Futurama (1999–2013): Season 4, Episode 2 - A Tale of Two Santas - full transcript

When Fry, Leela and Bender make a delivery to Neptune, they run afoul of the robot Santa Claus. Bender takes his place, but the previous Santa's fearsome reputation makes his job difficult.

Tale of Two Santas

In true winter tradition, members
of the Zarlon 7 Polar Bear Club...

...today took the plunge
into a river of liquid ammonia.

- There were no survivors.
- It takes all kinds.

Now, with his annual message, here's
the head of the Xmas Safety Council:

- The head of Walter Cronkite.
- Season's warnings.

This guy's too trustworthy.
What's his angle?

In all the tinsel and terror
of the holiday season...

...we underestimate that murderous
brute known as Santa Claus.

With images of last year's Gingerbread
Massacre baked into our memories...

...I remind you to bolt your doors,
say goodbye to your pets...



...and lock your children
in the closet.

This is Walter Cronkite saying,
"I told you so."

Sacred boar of Western Samoa!
We must secure for Santa's arrival!

Fine.

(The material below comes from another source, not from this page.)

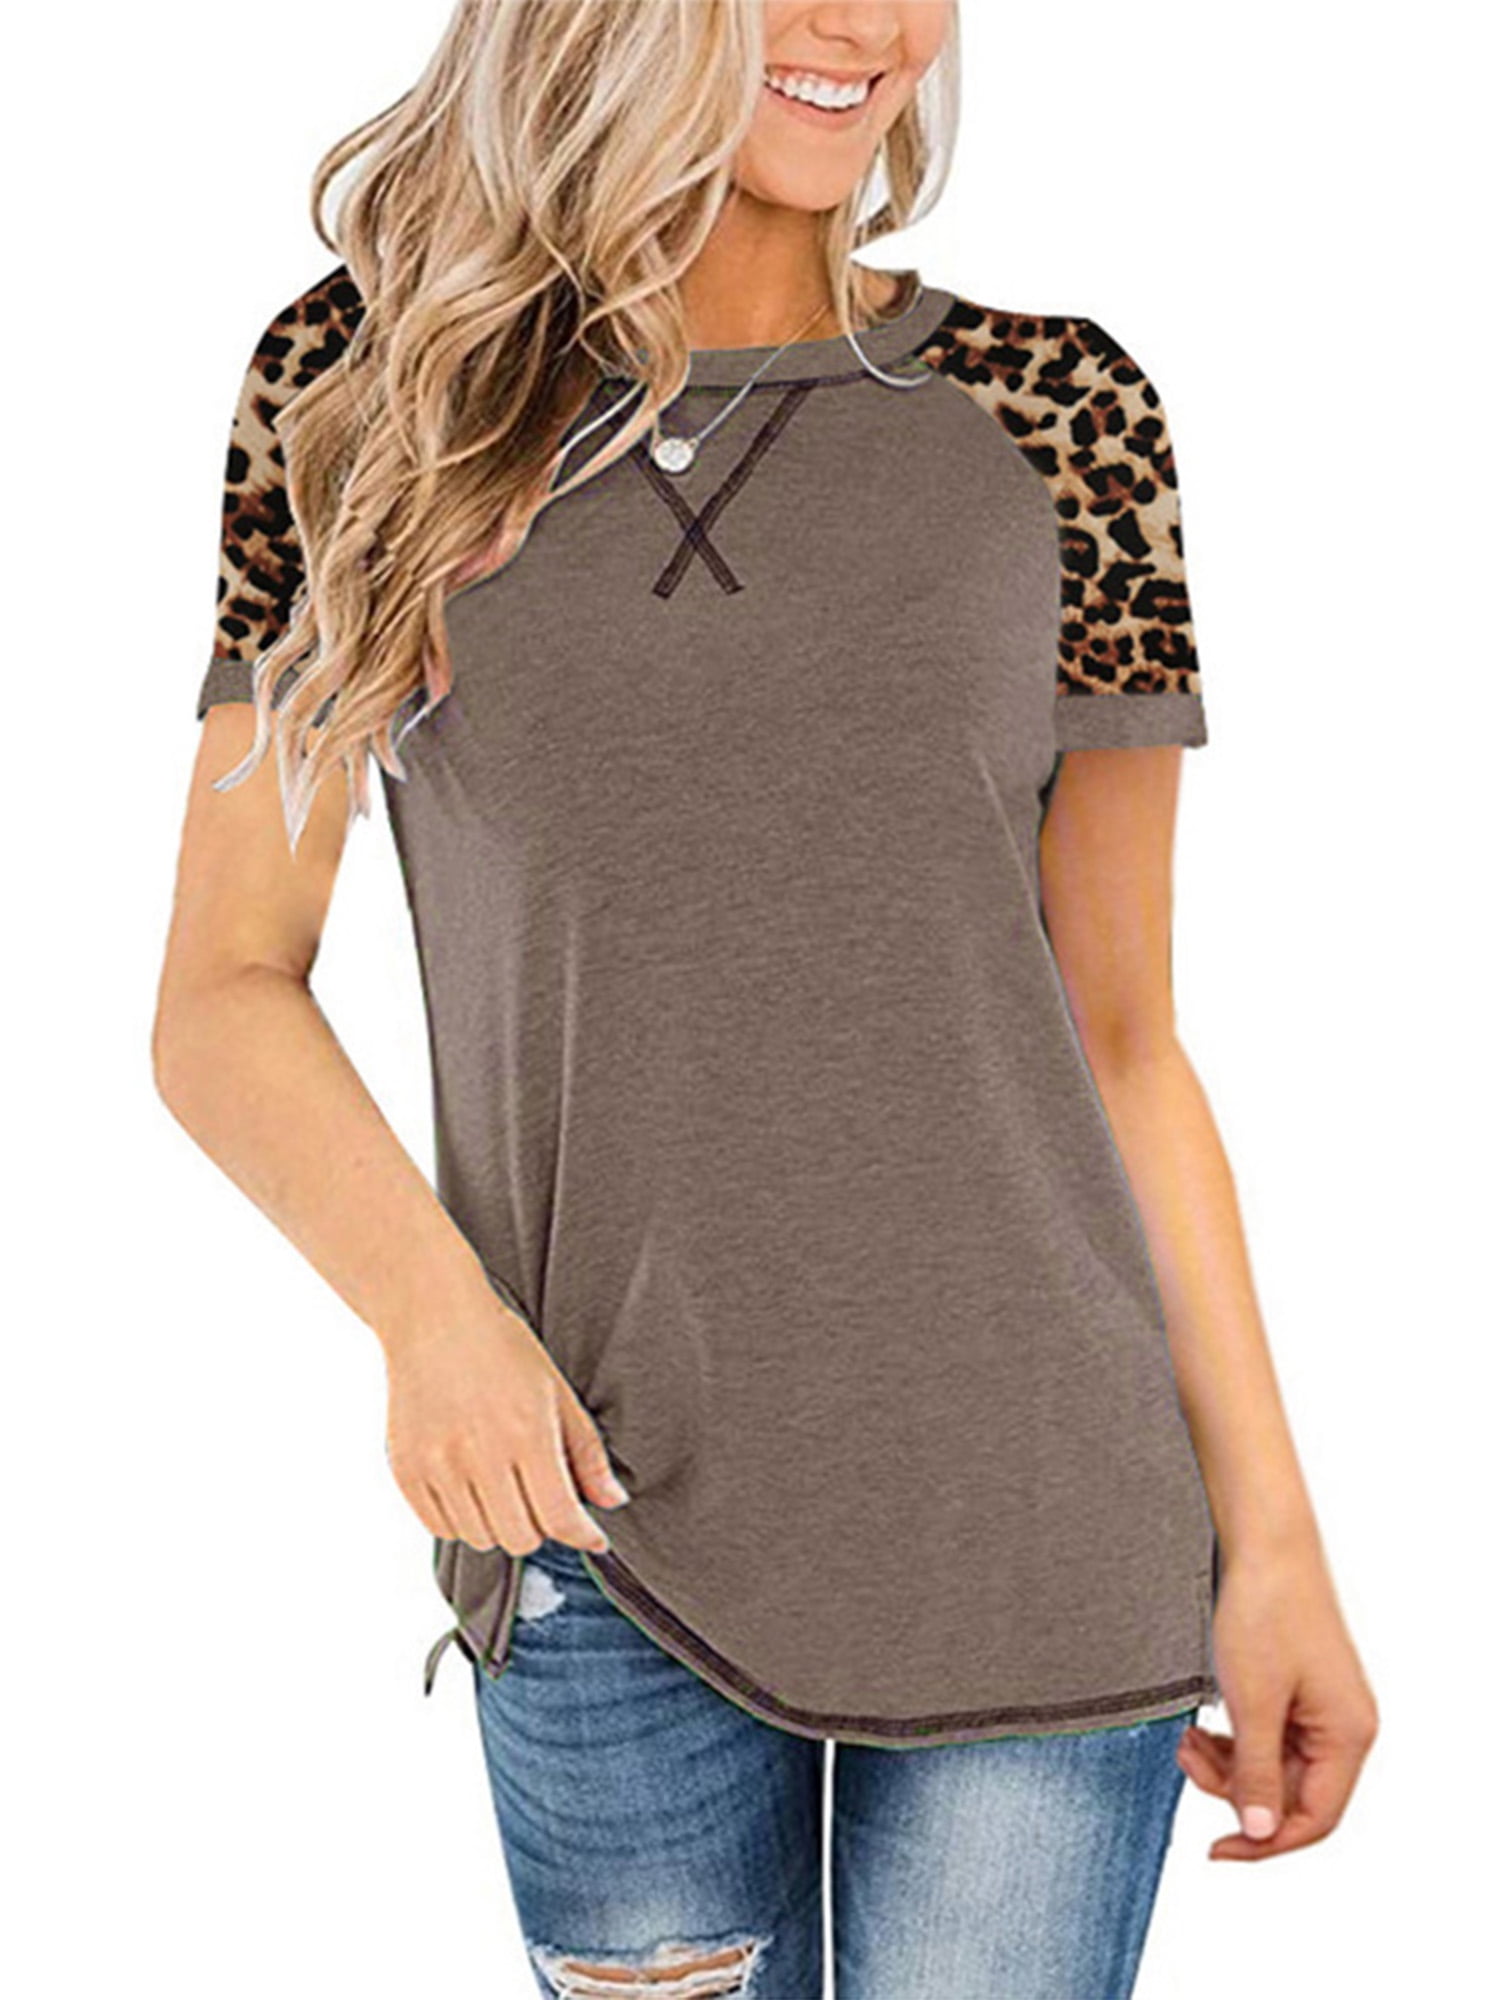 Miskely Womens Long Sleeve Casual Scoop Neck Tees Button Side Shirt Blouse Tunic Top

I'm getting tired
of this wood show.

Cover that fireplace!

I've only a few years to live.
I don't want to spend them dead.

- We're pushing as hard as we can.
- Oh! Pushing.

We're doomed.
Every year we're doomed.

Thanks be I had these
bulletproof shutters installed.

[SCREAMS]

Bring it on, Santa. That vicious
cadaver-junkie can't touch us...

...as long as we're not stupid enough
to leave this building.

In a related matter,
you'll deliver this sack of letters...

...directly to Santa
at his death fortress on Neptune.



These letters are real butt-nutters.
Listen to this. "Dear Santa..."

GIRL: Please, please don't bring me
any gifts.

The bicycle you fiired at me last year
from your bike gun tore up my insides.

Awful! Let's read some more.
"Dear Santa..."

BOY: Please bring me a coffiin for Grandpa.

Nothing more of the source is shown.